Column

Forest bathing, corruption, and cauliflower

By Marguerite Jill Dye

Did you know that essential oils fall from the trees to bathe us with healing properties? Inhaling phytoncides improves immune function. Being surrounded by nature reduces anxiety and hyper activity. It puts us in balance with our center, and clears out brain clutter and constant chatter. It synchronizes us with Mother Nature.
In 1982 Japanese researchers discovered the physical and psychological benefits of the art of Shinrin-Yoku, forest bathing. Twenty-odd years later Japan spent $4 million dollars researching myriad health benefits of people leaving cities to walk among trees. Hugging trees and being in their presence reduces stress and lowers heart rate and blood pressure. Many Vermonters are adept at bathing in forests, meandering without speed or a deadline.
Surrounded by the gilded walls and mirrored halls of Trump Tower and Mar-a-Lago, it often seems Trump’s reality is not very real at all. Such a life would skew anyone’s view. Might a lack of connection with forests and woods be the root of his non-reality? That would explain why he plays golf so often. It may be his only time spent in “nature,” as unnatural as landscaped golf courses are. While not Thoreau’s Walden Pond, it may be as close as Trump gets to a wooded walk.
In meeting with China’s President Xi Jinping, our free world leader requested he step it up with North Korea. China warned Kim Jong-un that nuclear damage across the border would be direct confrontation. How fascinating that our Chinese American friends just told us how greatly they admire President Xi. He’s fighting corruption in government.
The only concerns a showman has are power, self-aggrandizement, and financial reward.
Many consider launching 59 Tomahawk cruise missile strikes into sovereign Syria as illegal without Congressional approval and under the U.S. War Powers Resolution. It was also deemed an illegal “act of aggression” by international law under the United Nations Charter. Military intervention is a tried and true diversionary tactic. Anything is possible in the Trump-Putin-Assad world. In the volatile area of the Middle East, most anything is playing with fire.

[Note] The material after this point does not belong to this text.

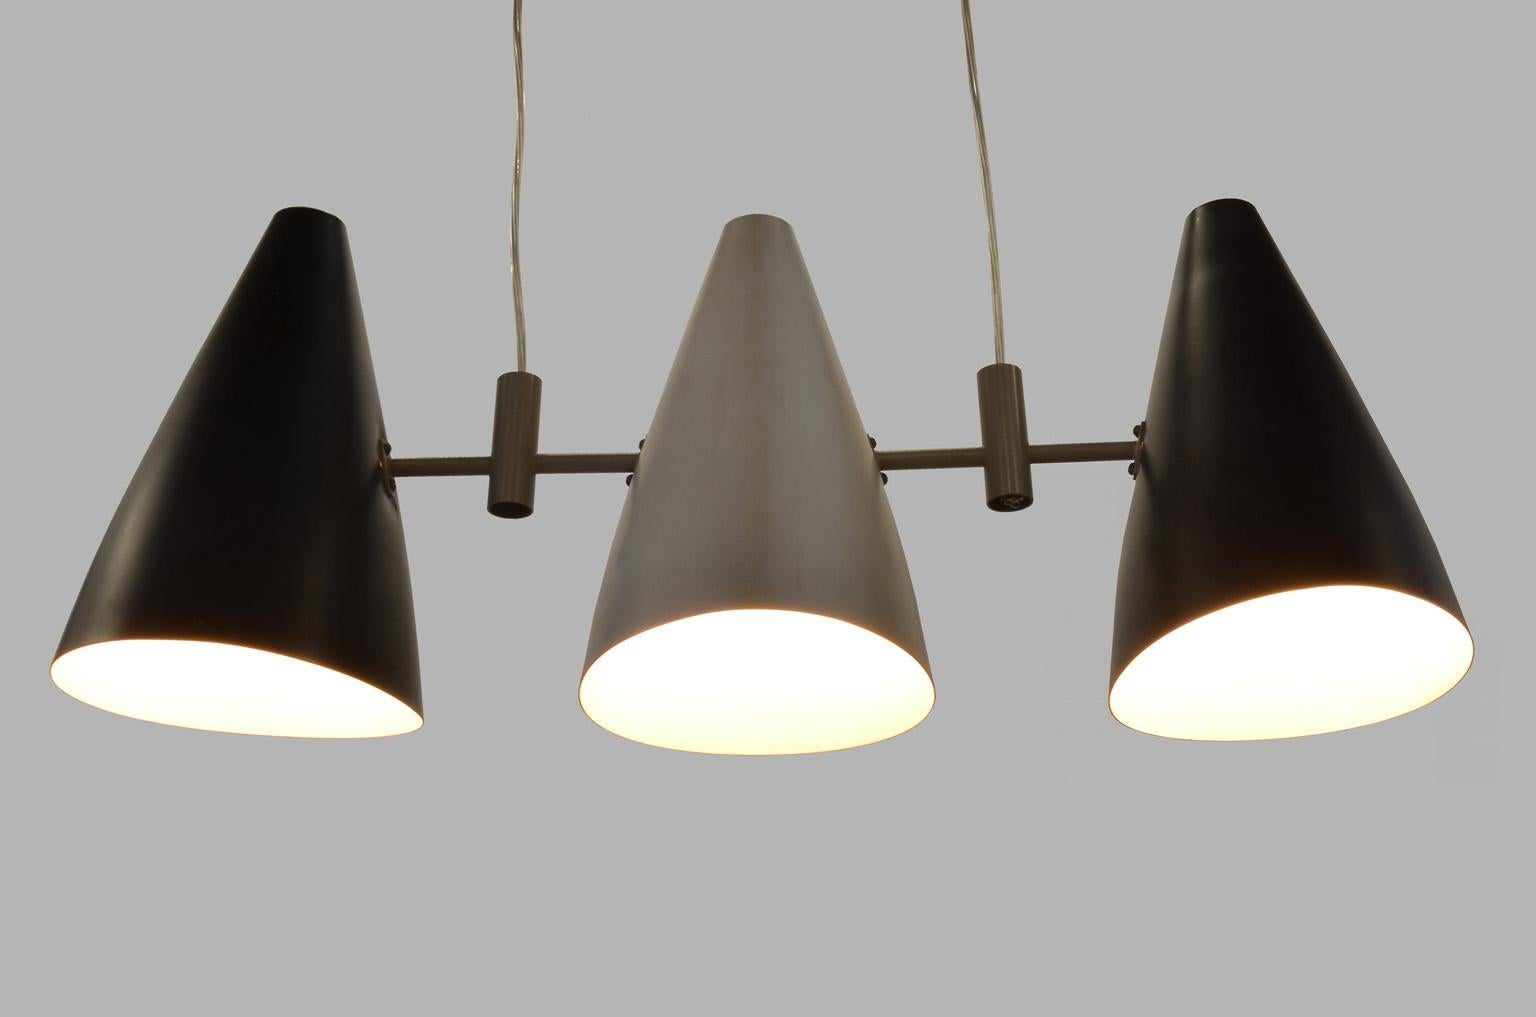 Italian Pendant Lamp with Three Lights, 1950s, Lacquered in Black and Gray (Moderne der Mitte des Jahrhunderts) im Angebot

In 1555, Nostradamus predicted global warming and an authoritarian ruler who would lead the world into a global economic collapse and war between two great powers played out in smaller nations. We must beware of Donald Trump. He lacks a moral compass and is a danger to humanity. Even unintended consequences can lead us to war. I don’t want to be right…

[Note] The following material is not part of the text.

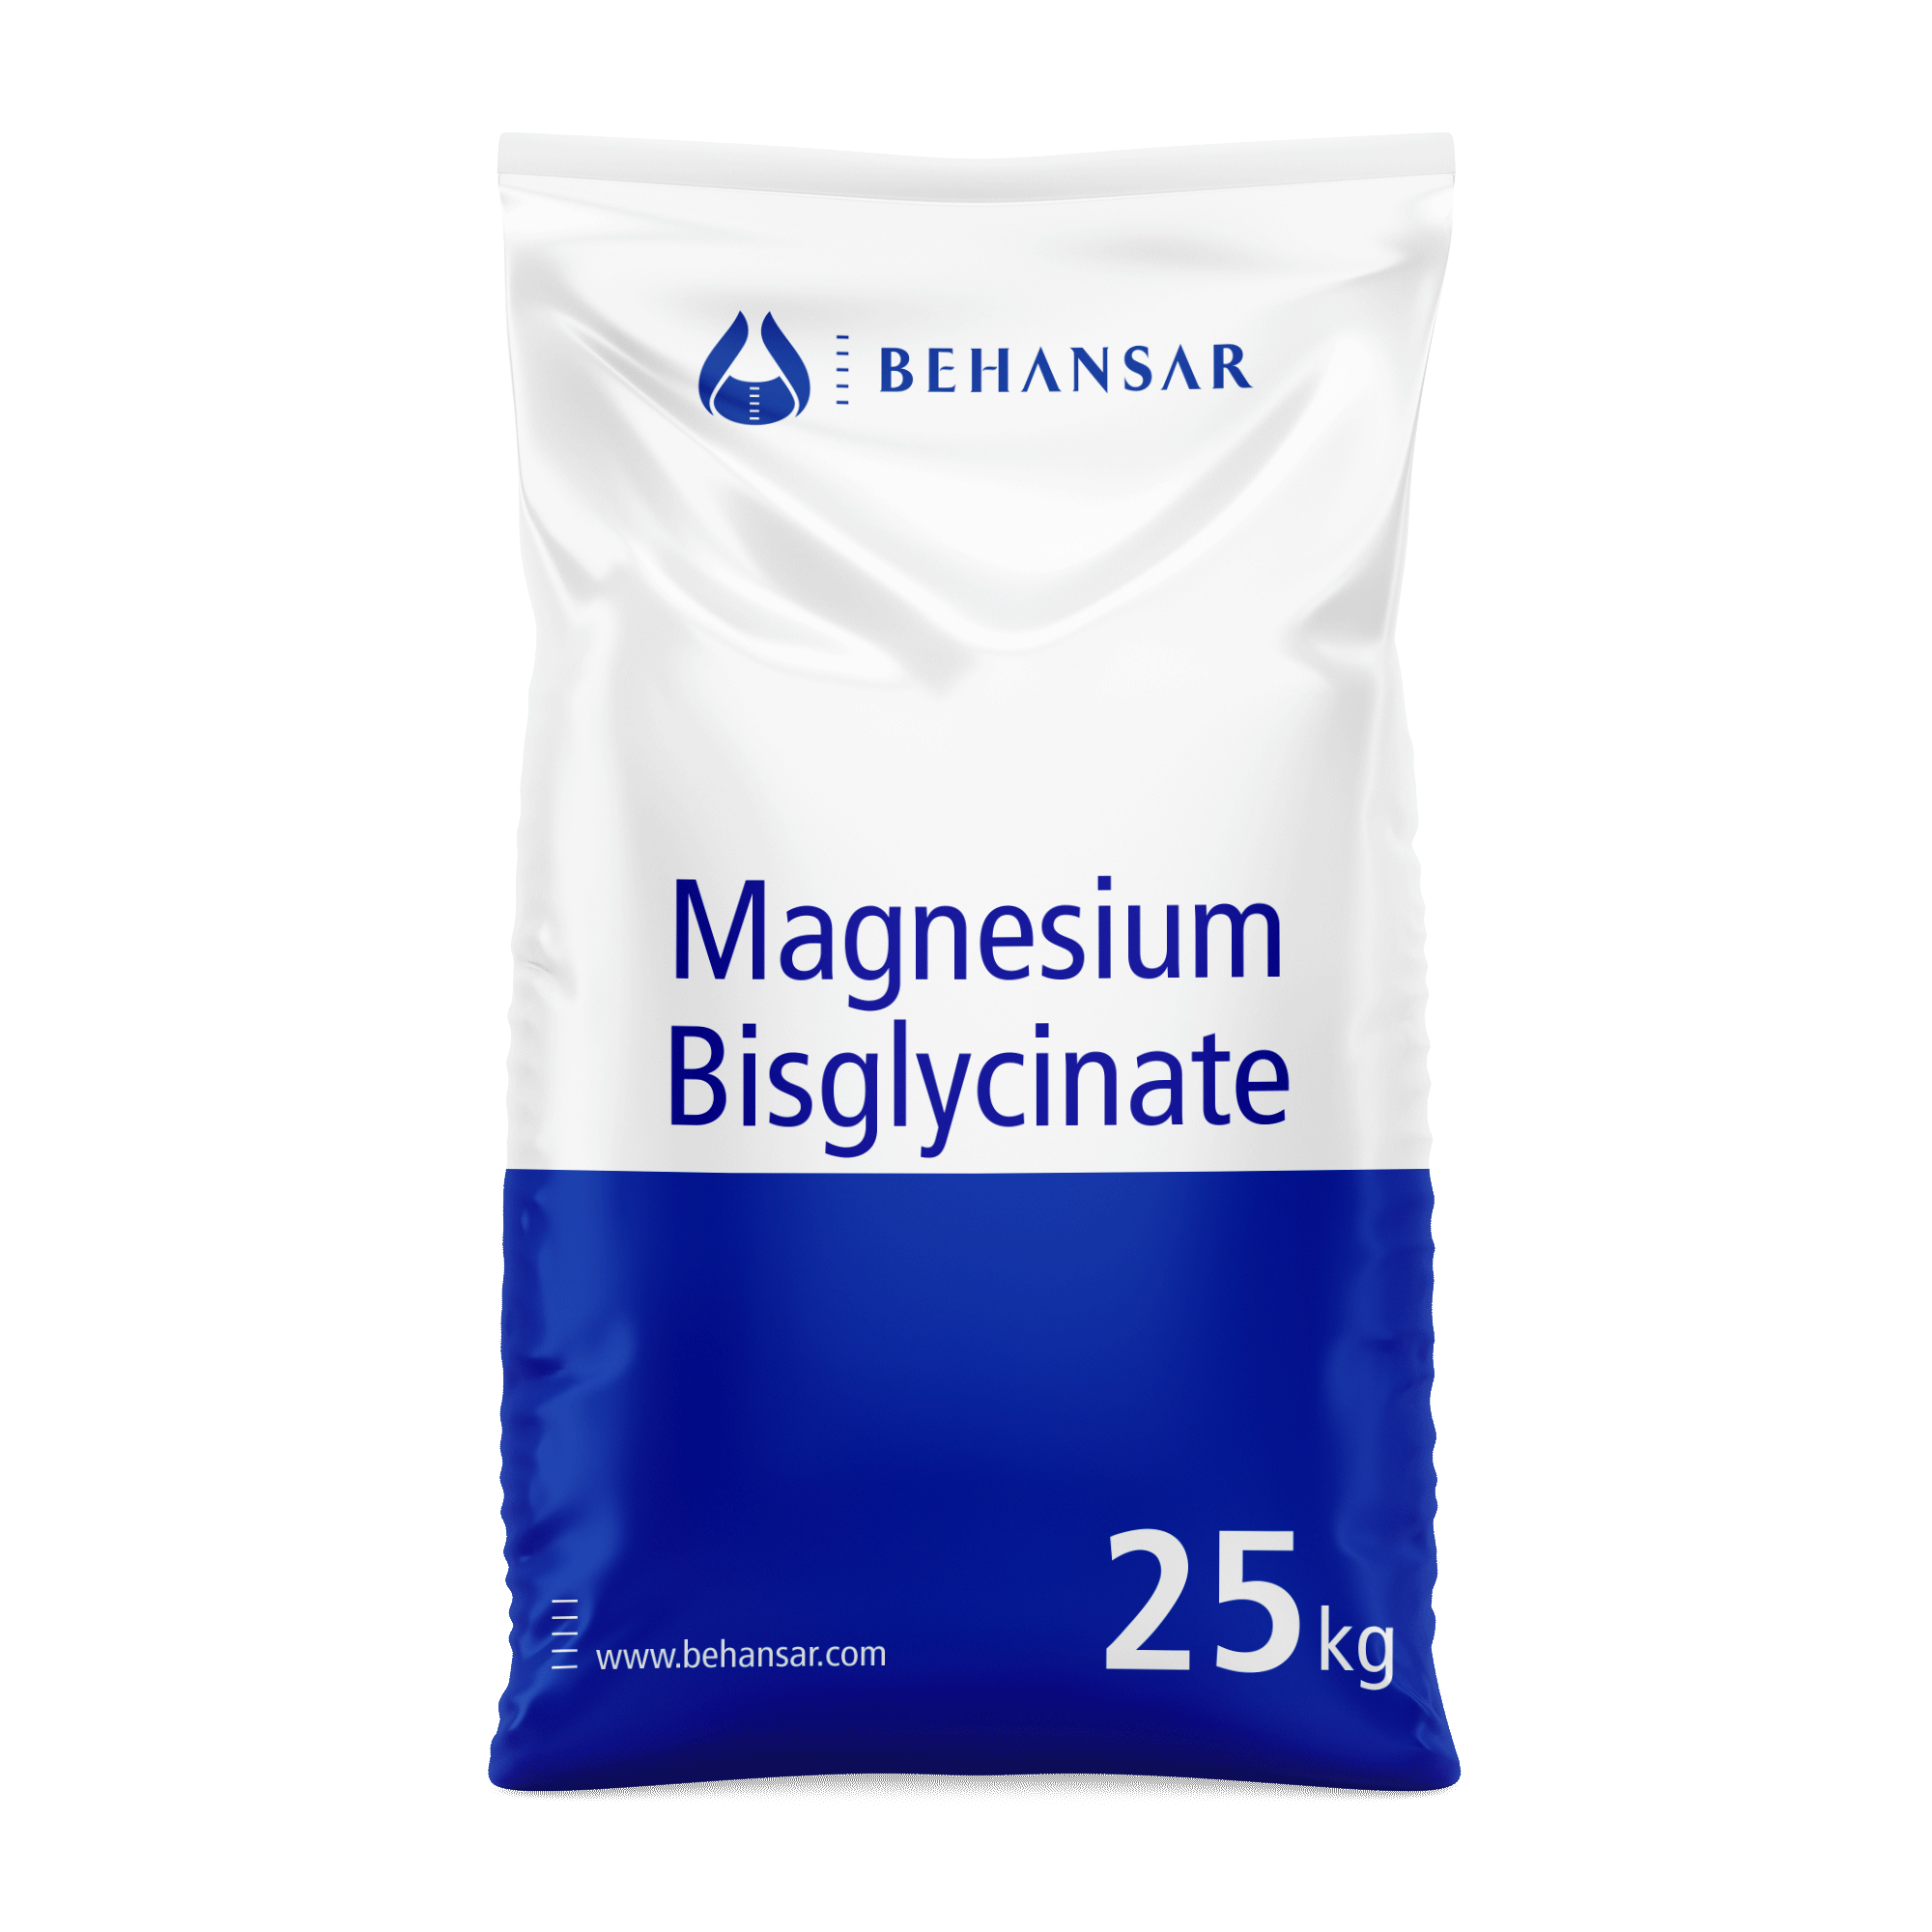 Magnesium Bisglycinate is one of the products of Behansar Co

Surrealist artist Salvador Dali, like Trump, learned that cutting-edge life and art, outrageous remarks, and flagrant self-promotion were very good for business. They kept him in the limelight and provoked a response. “Everything ends up in the cauliflower! The rub is that cauliflowers are too small to prove this theory conclusively,” Dalí exclaimed as he lectured to a rapt audience at the Sorbonne in 1955. He’d arrived in a white Rolls Royce filled with 500kg of cauliflowers to create a spectacle. But it was 60 years later in the Dalí Museums in Figueras, Spain, and St. Petersburg, Fla. that I learned of his interest in cauliflower, Romanesco Cauliflower to be exact (a cross between broccoli and cauliflower). It is similar in structure to the human brain. The geometric sequence and ratio repeat throughout nature in fractals, the structure of the whole object which is replicated in its parts.

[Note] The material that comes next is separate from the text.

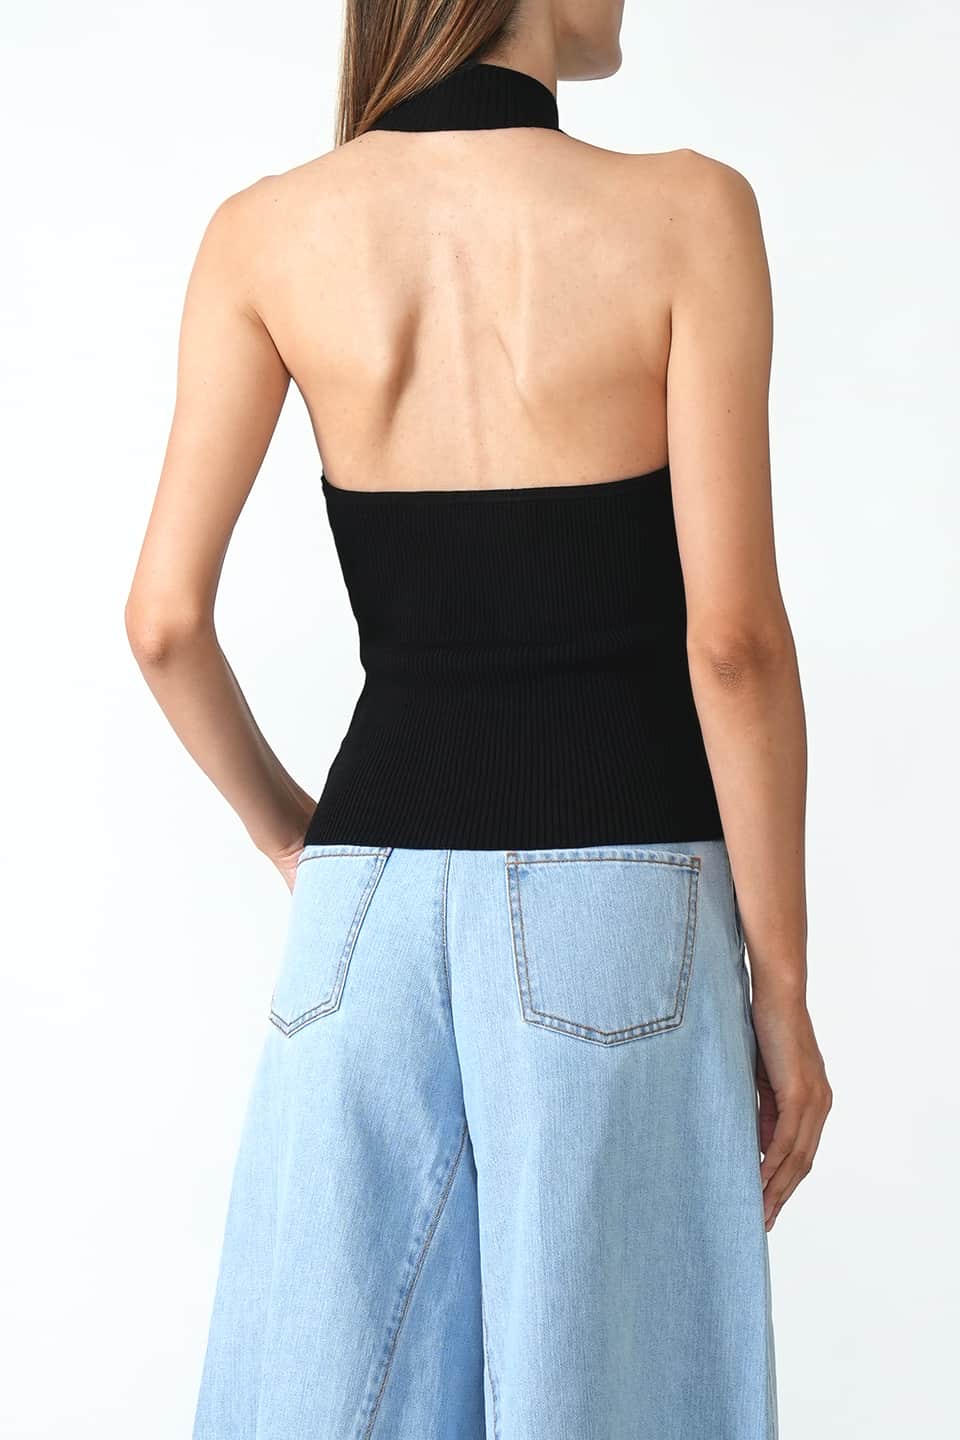 Thumbnail for Product gallery 6, Backless Stretch Top Black

I was hoping to find a spiritual teacher and then he showed up in my life. My teacher said, “We need to pray for Trump.” To pray that he act responsibly and be enlightened, and be surrounded by experts who provide sound advice from years of experience. We need to pray that he learns to value the earth and the laws we created to protect it from harm instead of abolishing them and damaging it. We need to pray that he will learn to value and save health care, public education, and freedom of speech. We need to pray that our president will use discretion and keep us safe from war. We need to pray that he calms down, learns kindness and compassion, and finds his center. Perhaps it’s time we invite our new president to come to Vermont for a bath in the forest.
Marguerite Jill Dye is an artist and author who lives in Killington and Bradenton, Florida.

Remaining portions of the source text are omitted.